乳はあふれるほどにでた。何人もの赤ちゃんが飲めるほど。余ってしまふ、が冷蔵庫なんかない。照さんは来る日も来る日も飲みきれないほどの乳を沸かす。離乳食になる、それも食べきれないほどの量をつくる。あるとき竹さんは見かねて、こんなにつくってどうするんだと出来たての鍋をひっくり返した。照さんは泣きに泣いた、さんざん泣いた。そして、また同じやうに、けろっとしてつづけた。どちらも譲らない。いのちを守るのに、この世にもったいないものなんかない。照さんの圧勝となった。

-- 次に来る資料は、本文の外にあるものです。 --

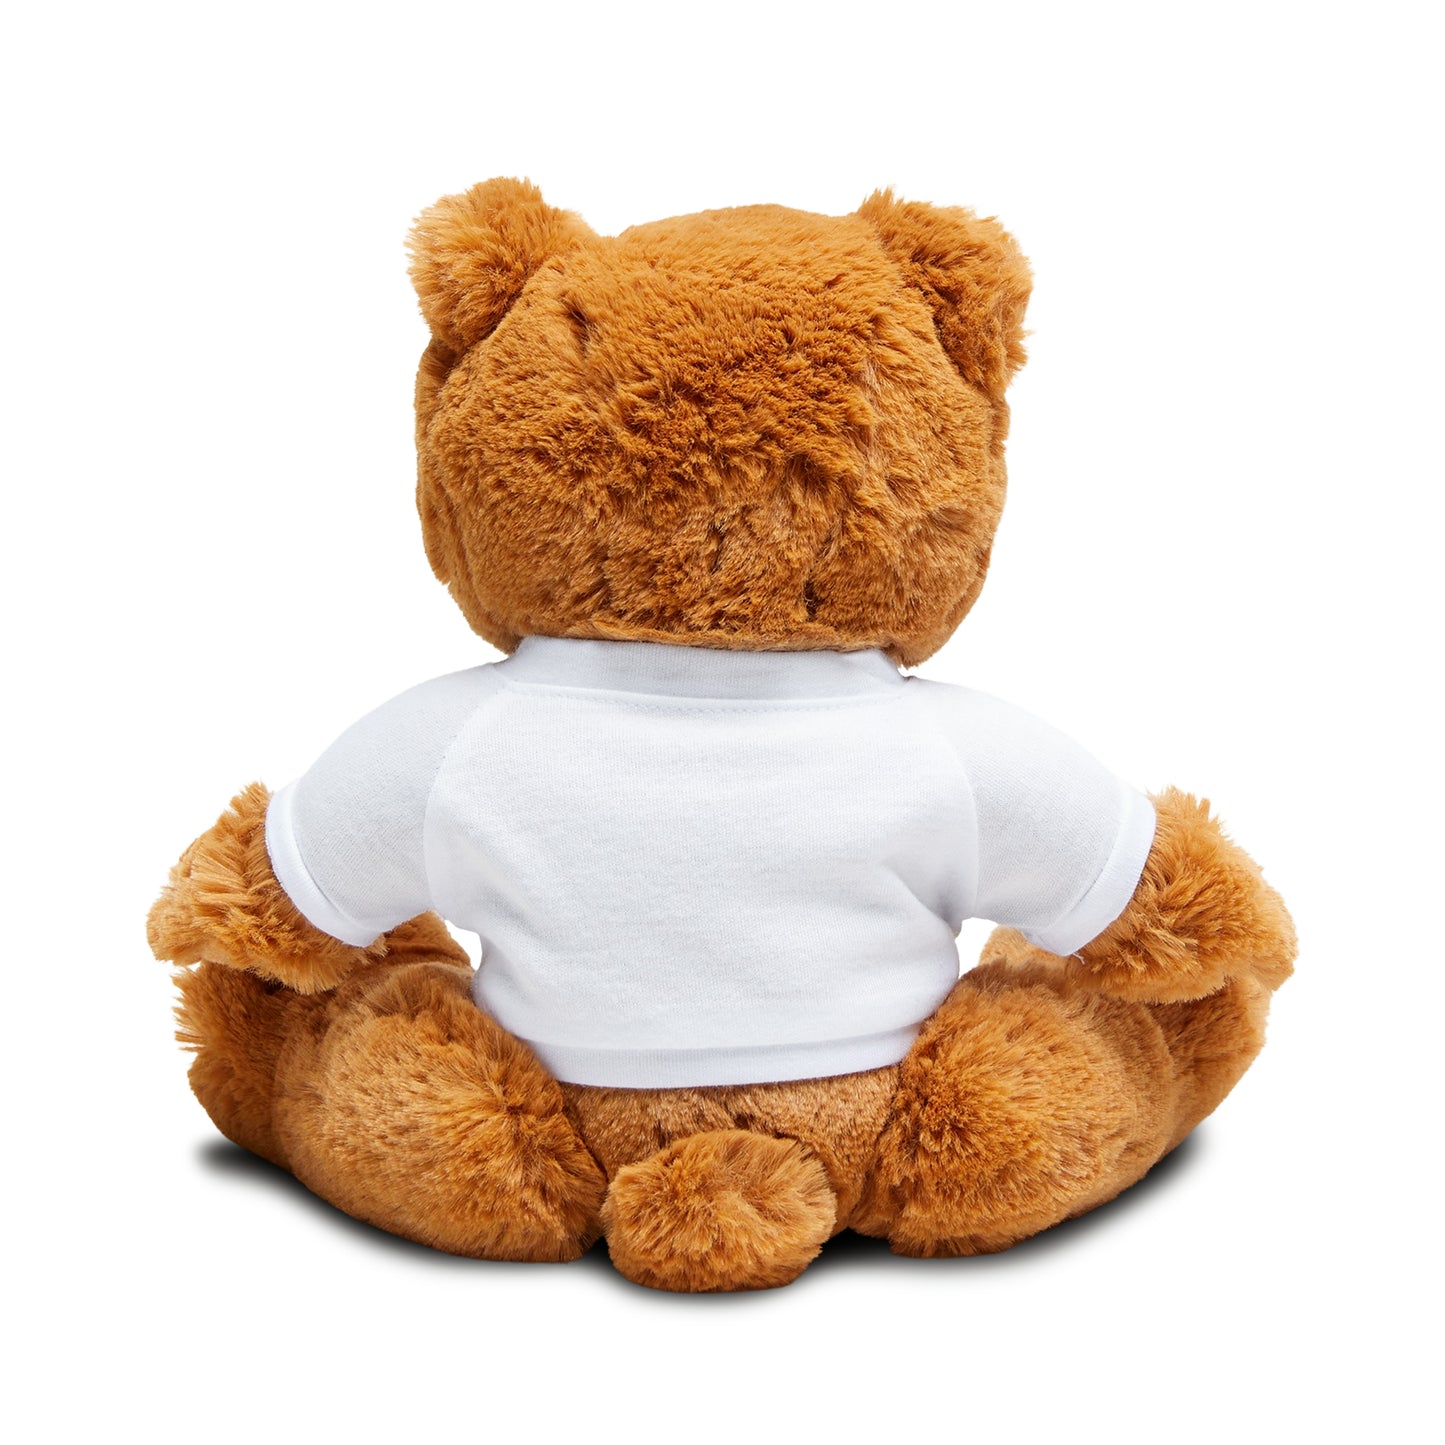 Nothing Is Too Big - Teddy Bear

竹さんには、面倒をみなくちゃならない家族が増えつづけた。隣り村から遠くの町から、十五、六歳の子に、手に職をつけさせてやりたいので、弟子にとって欲しいと拝まれた。年ごとにひとり増え、ふたり増えして到頭、都合八人預かった。この、まだ年端もいかない子らを大人にしなければならない。
「なーに、父ちゃん、大丈夫。わたしは大農のむすめ。田圃も畑も借りませう。食べるものぐらゐ作ればどうにかなります。わたしの母ちゃん、小さなからだで、七人の子どもと親の面倒をみてきてるんだから、わたしに出来ないこと、ないです、子どもが八人になったと思へばいいだけのこと」

照さんは多くのものを欲しいと思はない。自分の選んだ男の嫁になったのだから、それで充分、それだけで幸せになれる、成らうと思はないと始まらない。わたしが決めたのだから。

照さんは大雑把、磊落なのに細かい手仕事、縫い物にもゾッコンだ。自分の着物は縫ふは他人の着付けも頼まれれば遠くまでヒョコヒョコでかける。若いとき東京の叔父のところにひとりで遊びにでかけたことが役にたってゐるやうだ。

それは、ちょっと出かけるって、福島から東京といふところ、ちょっとと言って一ヶ月、そりゃ家族ははれたかと大騒動したものだ。昭和一〇年ごろのことだ。

馬には乗ってみよ、人には添ふてみよ、って母ちゃんいつも言ってたから、って、戻って両親に楽しさうに報告したものだ。なんとまぁ。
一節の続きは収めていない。